A dramatic drop in the price of natural gas and oil is largely to blame for the expected precipitous decline in severance taxes, said Steve Colby, a research contractor with the Colorado Department of Local Affairs, the agency charged with distributing half the state's severance tax.
"This is worse than we expected," he said. "We are being more thoughtful and constrained in our use of funds."
The department distributes 15 percent of the severance taxes, which are paid on minerals removed or "severed" from the ground, to cities and municipalities, and 35 percent in loans and grants to specific projects.
The other half of the severance-tax money goes to the Colorado Department of Natural Resources, which uses it to fund water conservation, wildlife and environmental programs.

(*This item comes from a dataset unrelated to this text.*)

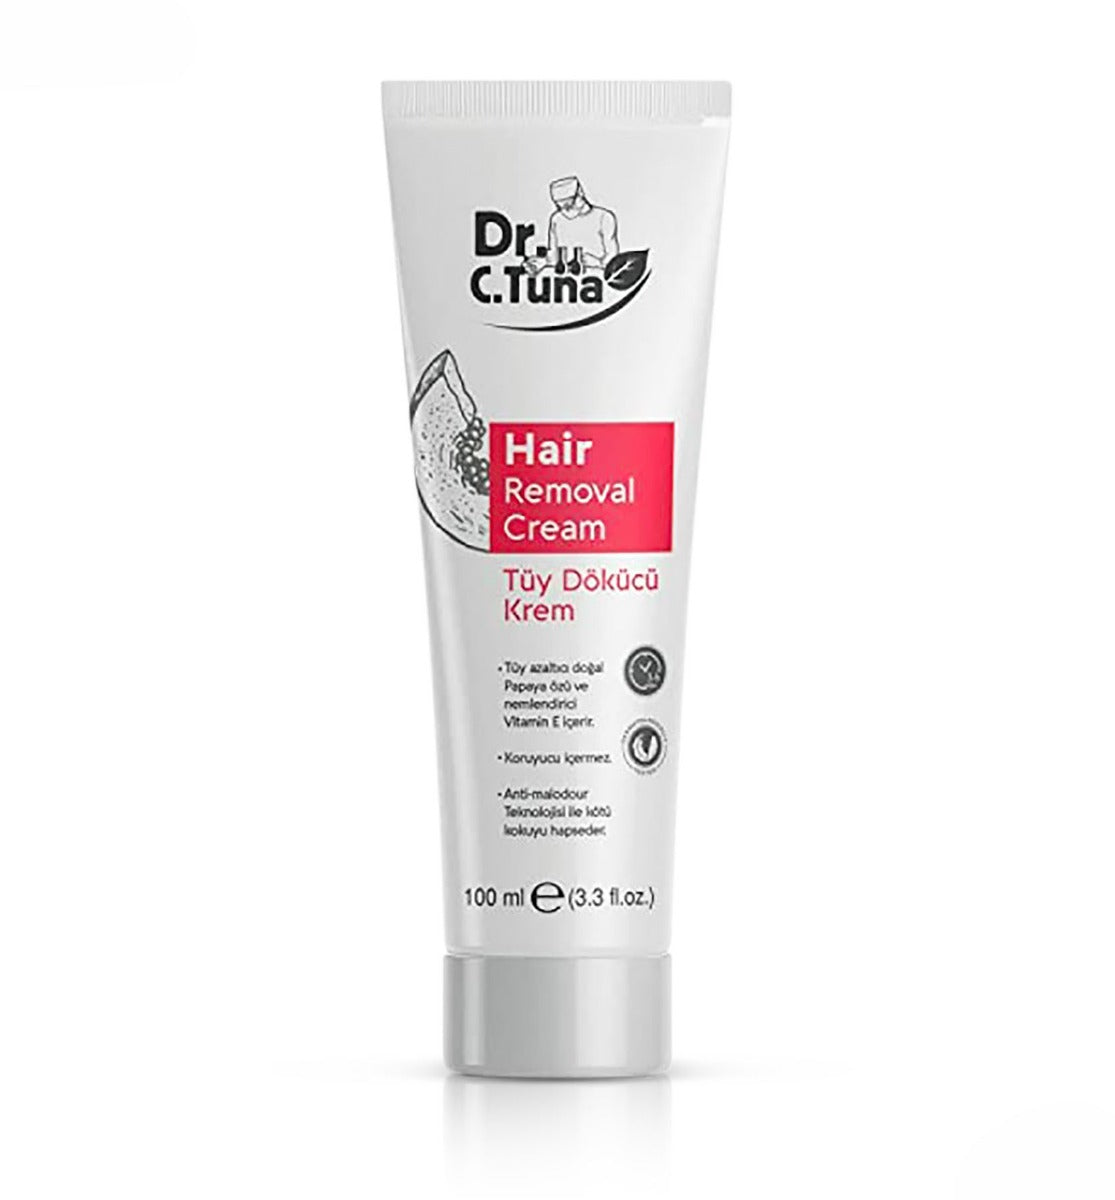 Dr. C. Tuna Hair Removal Cream (100ml)

The direct payments from Local Affairs to Colorado communities are supposed to offset the impacts of drilling on roads, schools and public services.
"If the projections turn out to be accurate, counties will continue to be in a fiscal pickle,": said Chip Taylor, director of legislative affairs at Colorado Counties Inc. "They may have to look for revenue someplace else, or start to cut discretionary programs."
Plunging severance-tax revenues will hit cities such as Rifle in western Colorado that largely depend on the money to improve infrastructure damaged by energy development.
"It's certainly not a heart-warming projection," said Rifle Mayor Keith Lambert. "I wouldn't have expected that extreme of a drop in 2010.
"But we have always been conservative in our budget because we knew we could not depend on severance-tax distributions."
Rifle received more than $1 million in severance-tax revenue in fiscal year 2008, compared to $405,831 in fiscal year 2007.
The city has suffered the vagaries of severance-tax revenues in the past when an oil-shale bust in the 1980s dried up revenues. Today, the city uses the severance-tax revenues to fund capital projects only and not to run its day-to-day operations.
Even so, the drop in revenues would put plans to replace aging sewer and water lines, build roundabouts to ease traffic congestion and build an entrance to Rifle from Interstate 70 on the back burner.
Garfield County, however, hopes the steep drop in severance-tax revenues will be offset by higher local property taxes in 2010. The county received more than $4 million in severance taxes in fiscal year 2008.
Local property taxes are collected on the value of gas and oil production from two years ago, while severance tax is based on production value just three to six months prior.
So the steep decline in energy prices in 2009 won't be reflected in property taxes until 2011, said Garfield County Assessor John Gorman.
"We will feel a huge impact in 2011, unless something turns around," Gorman said.